Sunday, September 27, 2020

Peter Hoffmann: Azure Synapse SQL-on-Demand Openrowset Common Table Expression with SQLAlchemy

In a previous post I have shown how to use turbodbc to access Azure Synapse SQL-on-Demand endpoints. A common pattern is to use the openrowset function to query parquet data from an external data source like the azure blob storage:

select
    result.filepath(1) as [c_date],
    *
FROM
    OPENROWSET(
        BULK 'https://<storage_account>.dfs.core.windows.net/<filesystem>/sales/table/c_date=*/*.parquet',
        FORMAT='PARQUET'
    ) with(
        [l_id] bigint,
        [sales_euro] float,
    ) as [result]
where c_date='2020-09-01'

Common table expressions help to make the sql code more readable, especially if more than one external data source is queried. Once you have defined the CTE statements at the top you can use them like normal tables inside your queries:

WITH location AS
(SELECT
    *
FROM
    OPENROWSET(
        BULK 'https://<storage_account>.dfs.core.windows.net/<filesystem>/location/table/*.parquet',
        FORMAT='PARQUET'
    ) with(
        [l_id] bigint,
        [l_name] varchar(100),
        [latitude] float,
        [longitude] float
    ) as [result]
),
sales AS
(SELECT
    result.filepath(1) as [c_date],
    *
FROM
    OPENROWSET(
        BULK 'https://<storage_account>.dfs.core.windows.net/<filesystem>/sales/table/c_date=*/*.parquet',
        FORMAT='PARQUET'
    ) with(
        [l_id]  bigint,
        [sales_euro]  float,
    ) as [result]
)

SELECT location.l_id, sales.sales_euro
FROM sales JOIN location ON sales.l_id = location.l_id
where c_date = '2020-01-01'

Still writing such queries in data pipelines soon becomes cumbersome end error prone. So once we moved from writing the queries in the Azure Synapse Workbench to using them in our daily workflows with python, we wanted to have a better way to programmatically generate the SQL statements.

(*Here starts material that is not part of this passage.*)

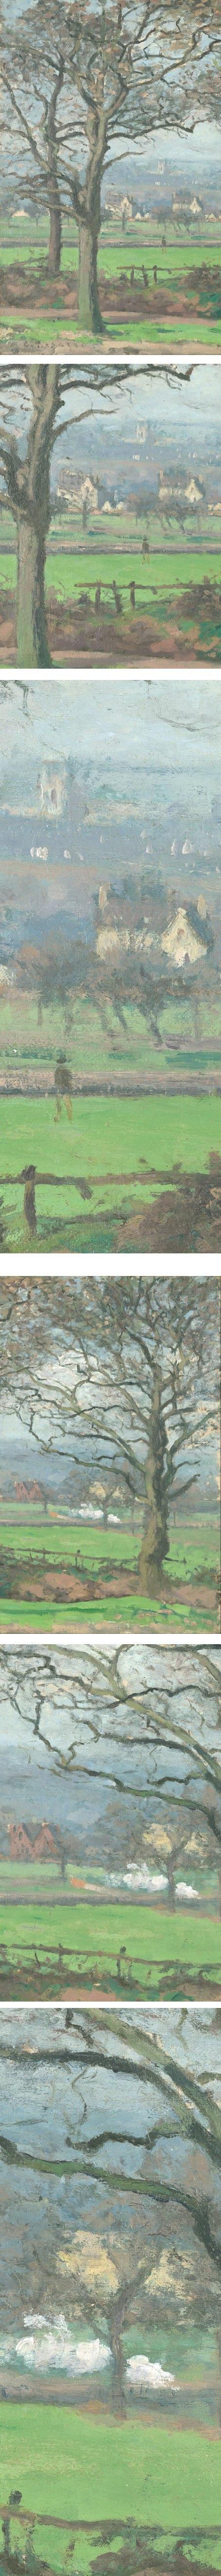 Near Sydenham Hill, Camille Pissarro (details)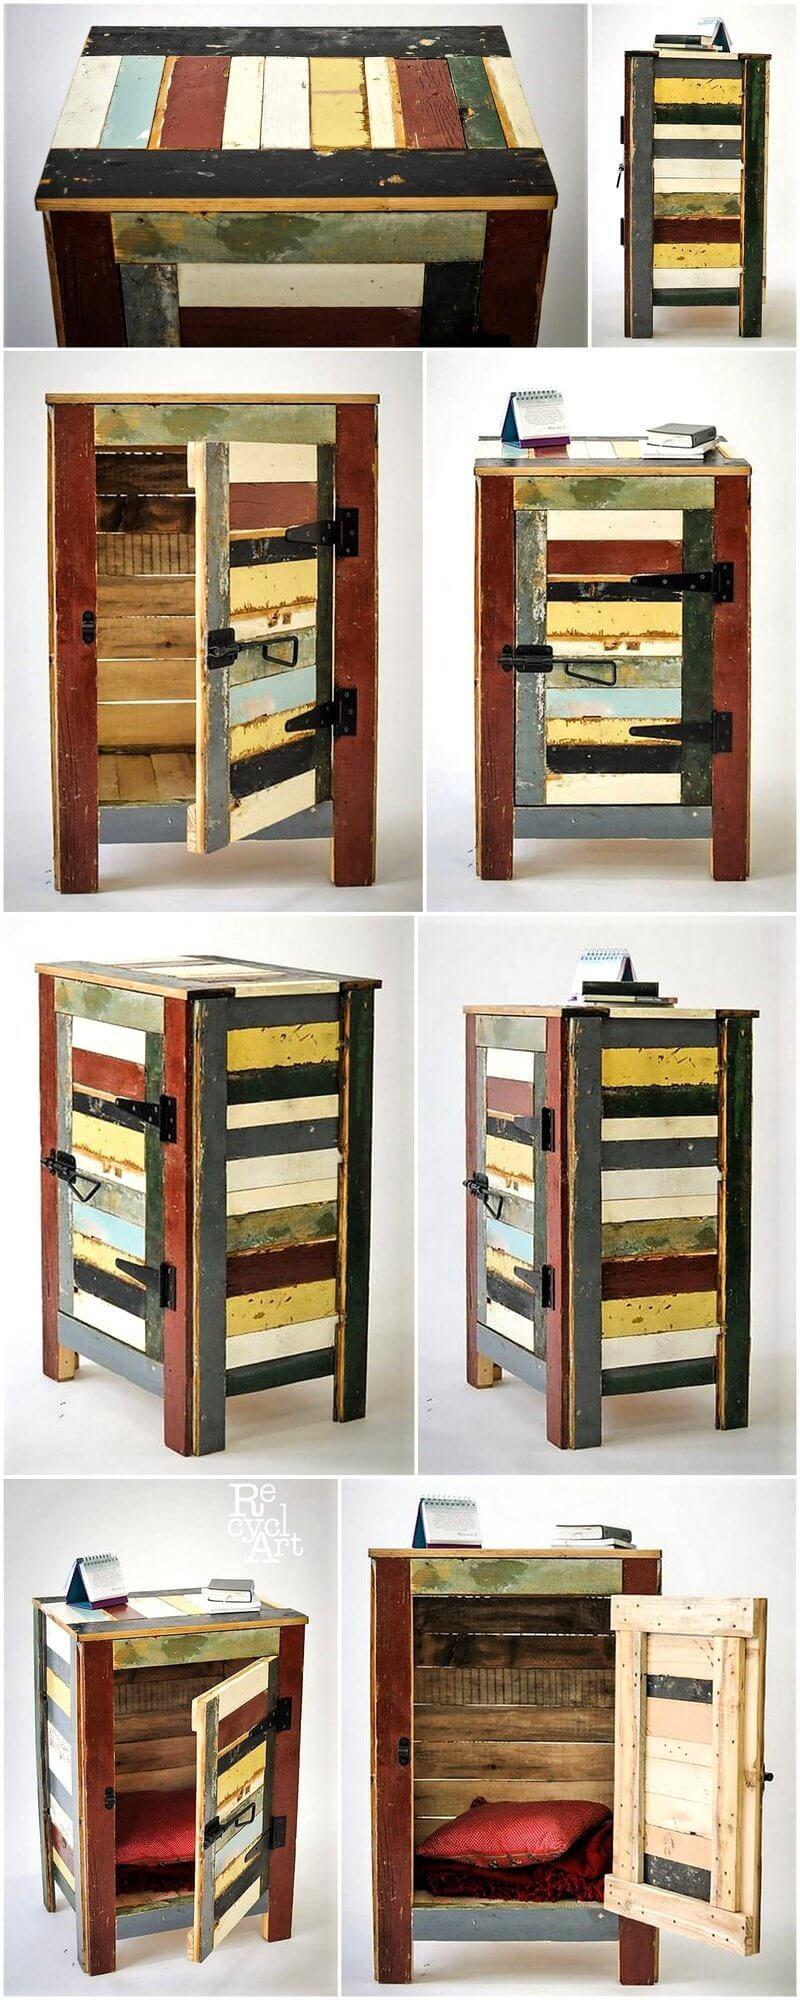 Wood Pallet Rustic Nightstand

SQLAlchemy is still our library of choice to work with SQL in python. SQLAlchemy already has support for Microsoft SQL Server so most of the Azure Synapse SQL-on-Demand features are covered. I have not yet found a native way to work with openrowset queries, but it's quite easy to use the text() feature to inject the missing statement

import sqlalchemy as sa

cte_location_raw = '''
*
FROM
    OPENROWSET(
        BULK 'https://<storage_account>.dfs.core.windows.net/<filesystem>/location/table/*.parquet',
        FORMAT='PARQUET'
    ) with(
        [l_id] bigint,
        [l_name] varchar(100),
        [latitude] float,
        [longitude] float
    ) as [result]
'''

cte = sa.select([sa.text(cte_location_raw)]).cte('location')
q = sa.select([sa.column('l_id'), sa.column('l_code'), sa.column('l_name')]).select_from(cte)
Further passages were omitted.